> Requirement
Transcribe the listing verbatim, please, with images dropped.

> Collected data
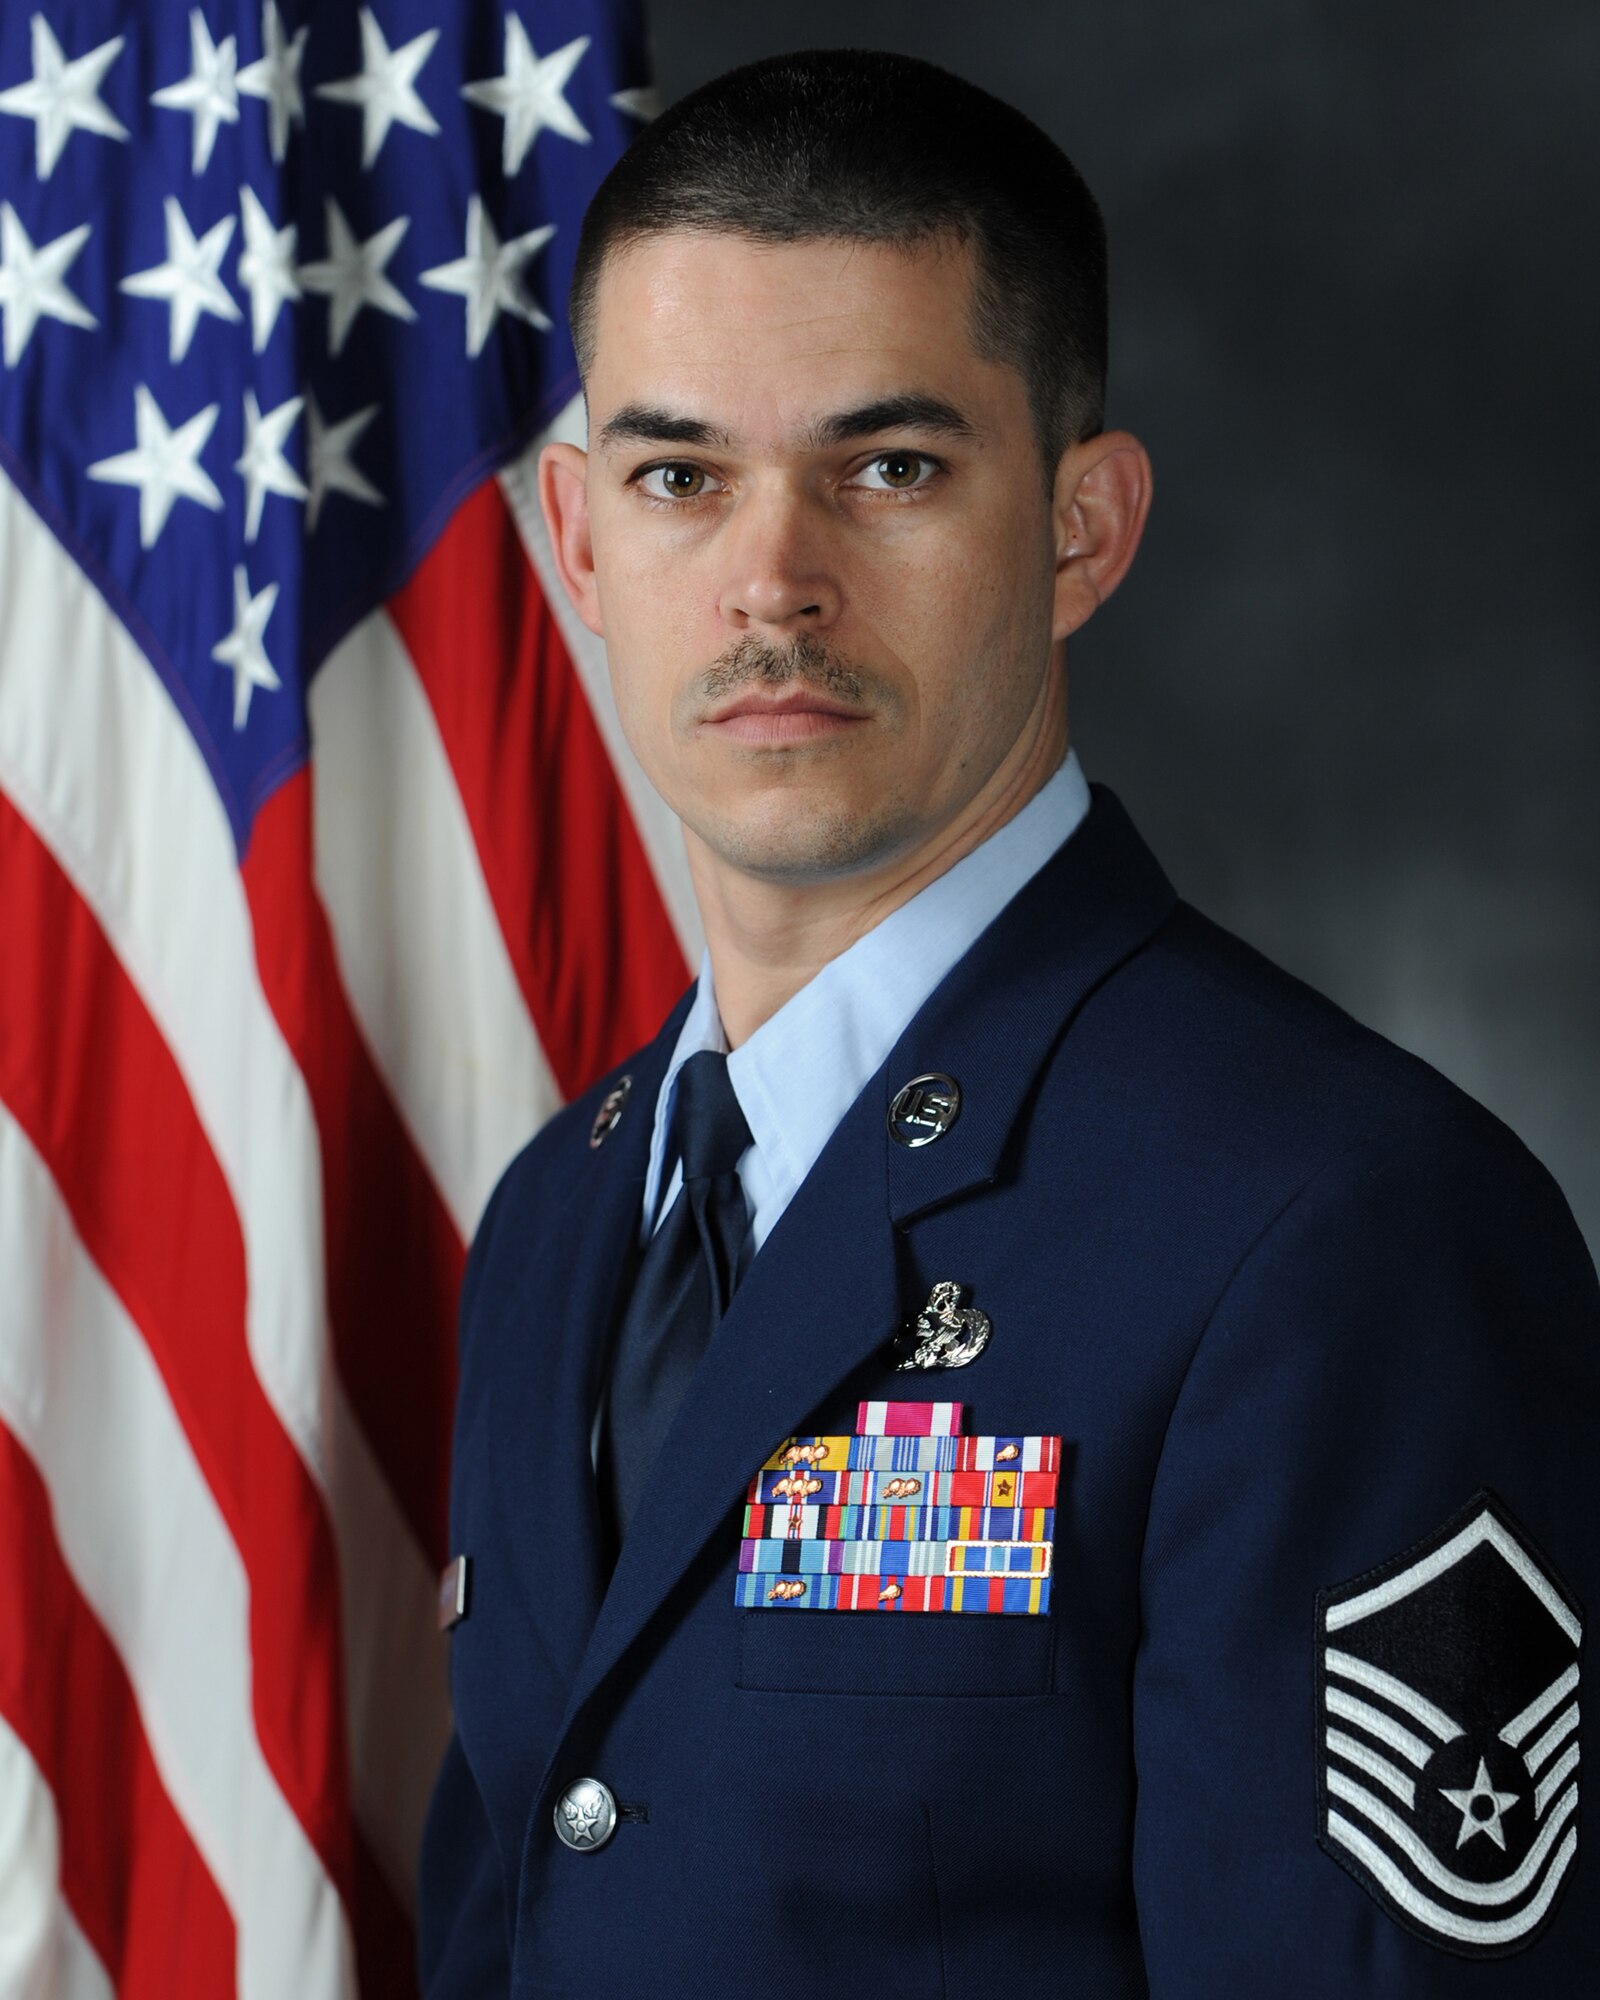 OFFUTT AIR FORCE BASE, Neb. -- Master Sgt. William E. Villareal, from Mountain Home AFB, Idaho., is one of 29 Airmen nominated for awards who will attend the 2010 Air Combat Command Outstanding Airmen of the Year Awards Banquet in Omaha, Neb., April 21. Sergeant Villareal is nominated for the SNCO of the Year Award. U.S. Air Force courtesy photo
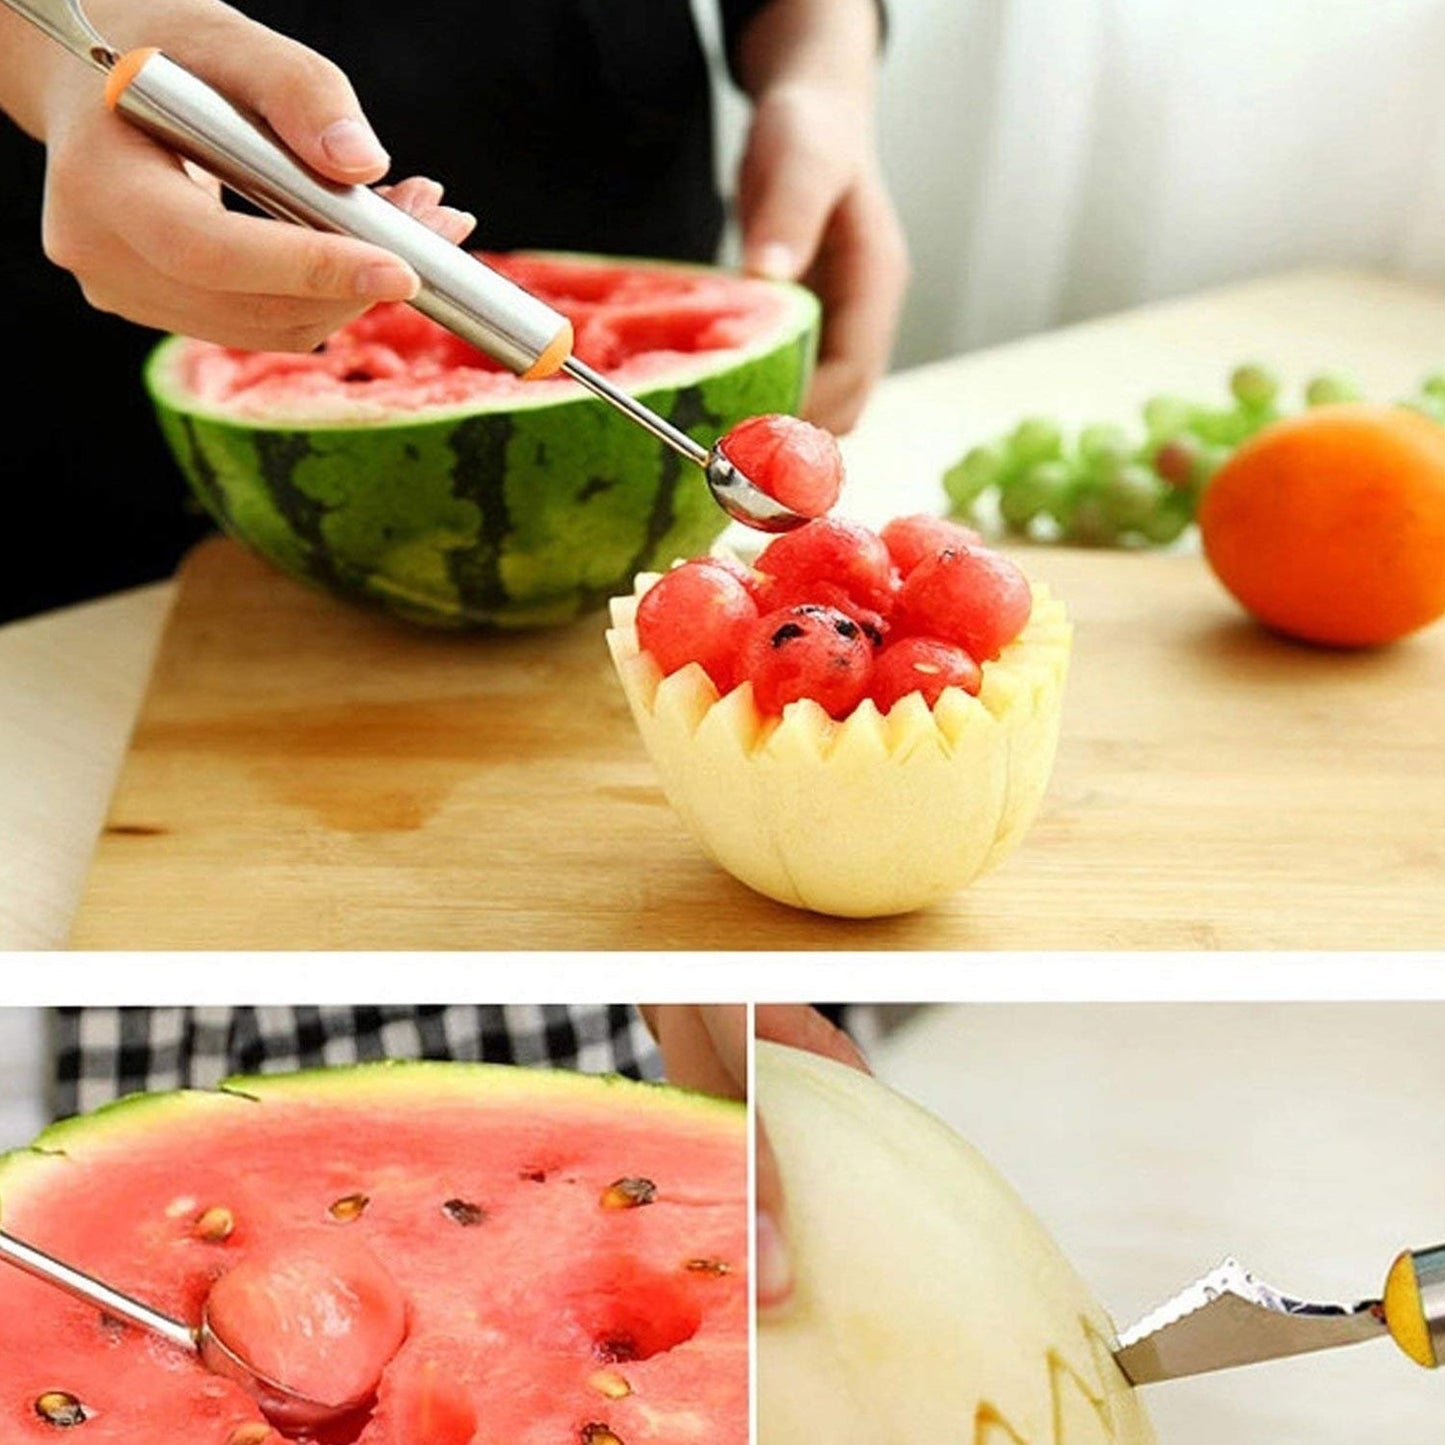 5335 Multifunctional 2 in 1 Melon Baller - Stainless Steel Dig Scoop with Fruit Carving Knife. JK Trends
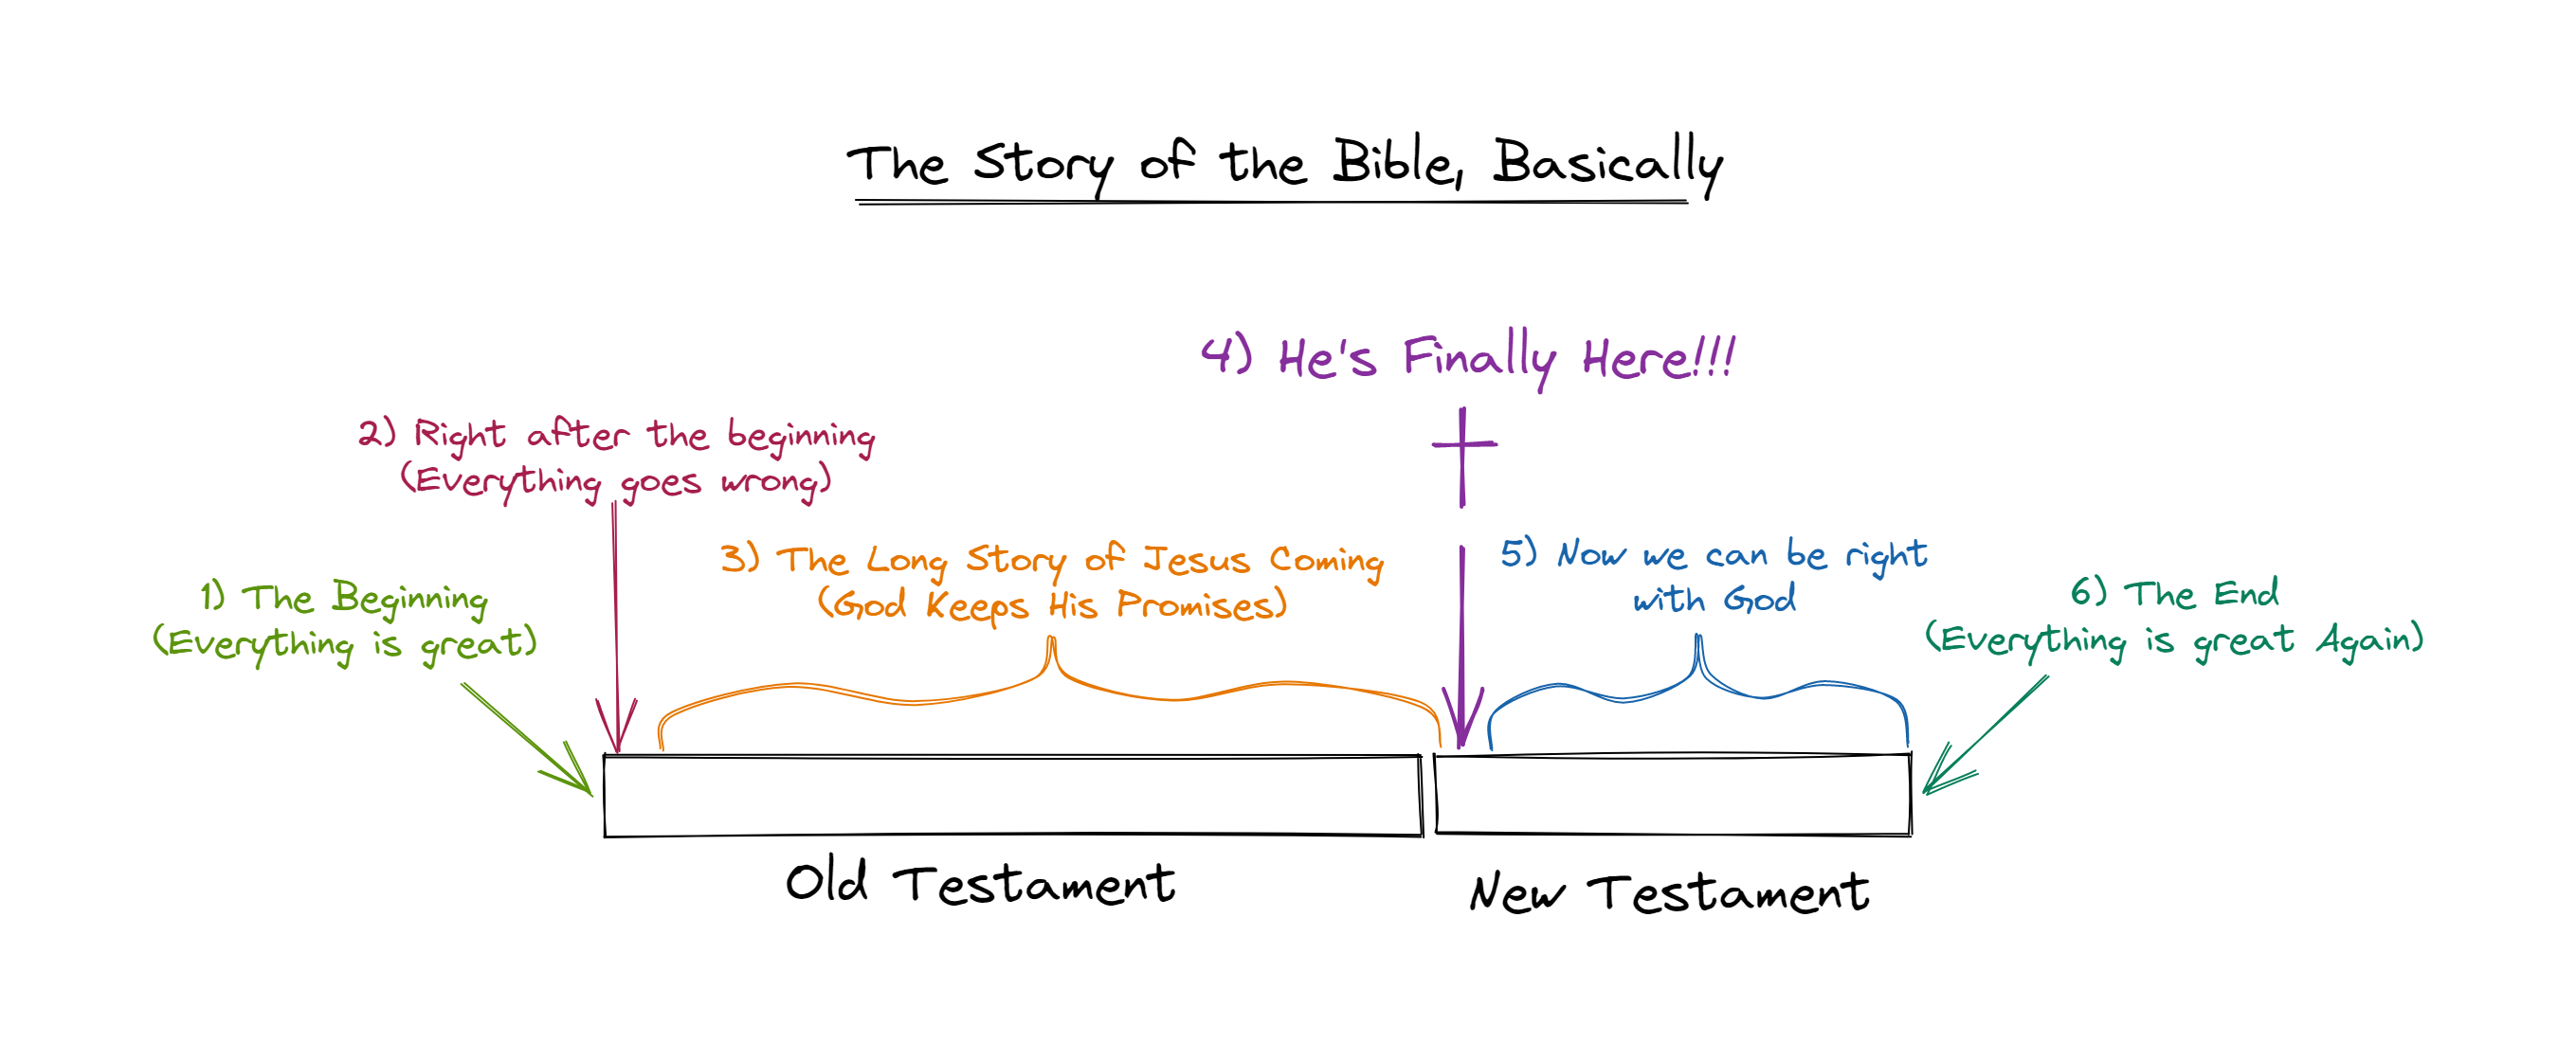 The Story of the Bible Basically

> Solution for this exercise
 OFFUTT AIR FORCE BASE, Neb. -- Master Sgt. William E. Villareal, from Mountain Home AFB, Idaho., is one of 29 Airmen nominated for awards who will attend the 2010 Air Combat Command Outstanding Airmen of the Year Awards Banquet in Omaha, Neb., April 21. Sergeant Villareal is nominated for the SNCO of the Year Award. U.S. Air Force courtesy photo
 5335 Multifunctional 2 in 1 Melon Baller - Stainless Steel Dig Scoop with Fruit Carving Knife. JK Trends
 The Story of the Bible Basically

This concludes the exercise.